Betty nodded. “Then her senior year of high school she got this huge crush on a boy, Adam Devlin. They’d shared a bus ride on a school trip and he’d been very nice to her. He was very popular and she convinced herself that he’d ask her out and she’d suddenly become one of the popular kids. And then one day he asked her to a party. It was a dream come true for Alice. She went there with such high expectations, but there was no party. Just Adam and a couple of his friends playing pool and drinking.”

She was the party,” Cliff said.

“That’s right,” Betty said. “They gave her a drink; it must’ve been spiked with something because Alice passed out. When she woke up hours later, she was on the pool table, naked. She had pain in her vagina and… well everywhere. And Alice realized they had drugged and had sex with her.”

“They drugged and raped her,” Syd said, anger burning inside her. “Make no mistake Mrs. Waterman, sex without consent is rape.”

“But as bad as that was,” Betty said, “for Alice, it wasn’t the worse part. A couple of days later dirty pictures of Alice were emailed to all the kids at school. You couldn’t see the boys’ faces, but you could clearly see Alice, naked and having sex.”
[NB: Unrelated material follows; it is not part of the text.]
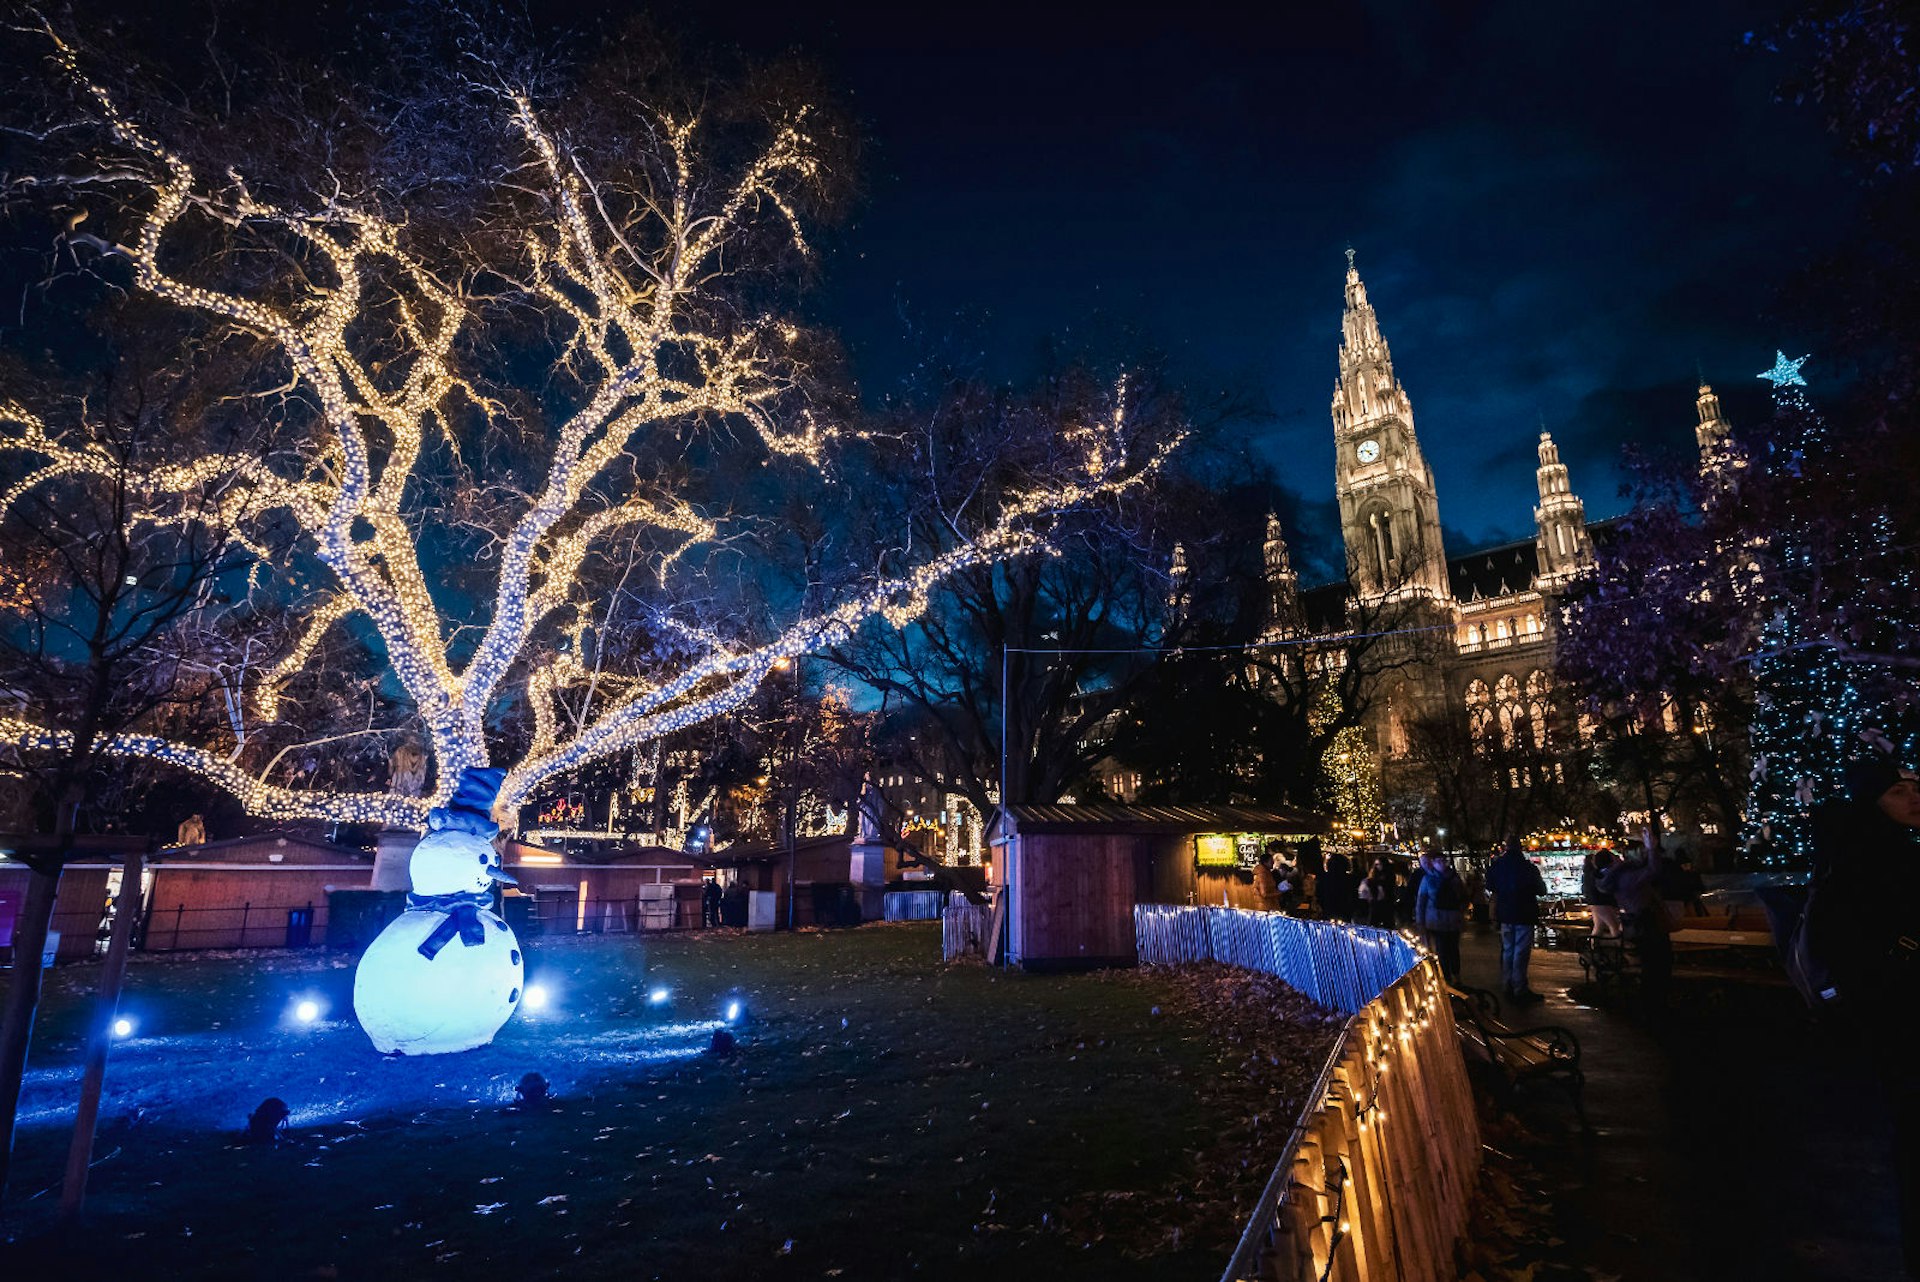 Night shot of Christmas markets at Rathausplatz with a lighted ornate tree and town hall in the background

“And that’s when the lawyer showed up,” Cliff said. “They were suddenly worried Alice would go to the police and file charges so the lawyer basically threatened us. Take his money or he would ruin Alice’s reputation. So we took the money.”

“Our single biggest mistake.”

“It was not a mistake,” Cliff snapped and Syd realized she had stumbled into a well-worn argument. “If we hadn’t taken the money, how would we have paid for all those doctors and that damned institute?”

“If we hadn’t taken the money she may not have needed the doctors and institute.” Betty turned back to Syd. “Three days after we agreed to the settlement Alice tried to kill herself.”

“And you think humiliating herself in court, having the world find out what a slut she was would have been better?”

“I didn’t then, I do now.” Betty’s eyes found Syd. “Alice hates us; she thinks we sold her out.” Betty turned back to Cliff and added pointedly, “And we did.”

Cliff shook his head, defensive, angry and frustrated. “Well, we can’t go back in time, so get used to it.”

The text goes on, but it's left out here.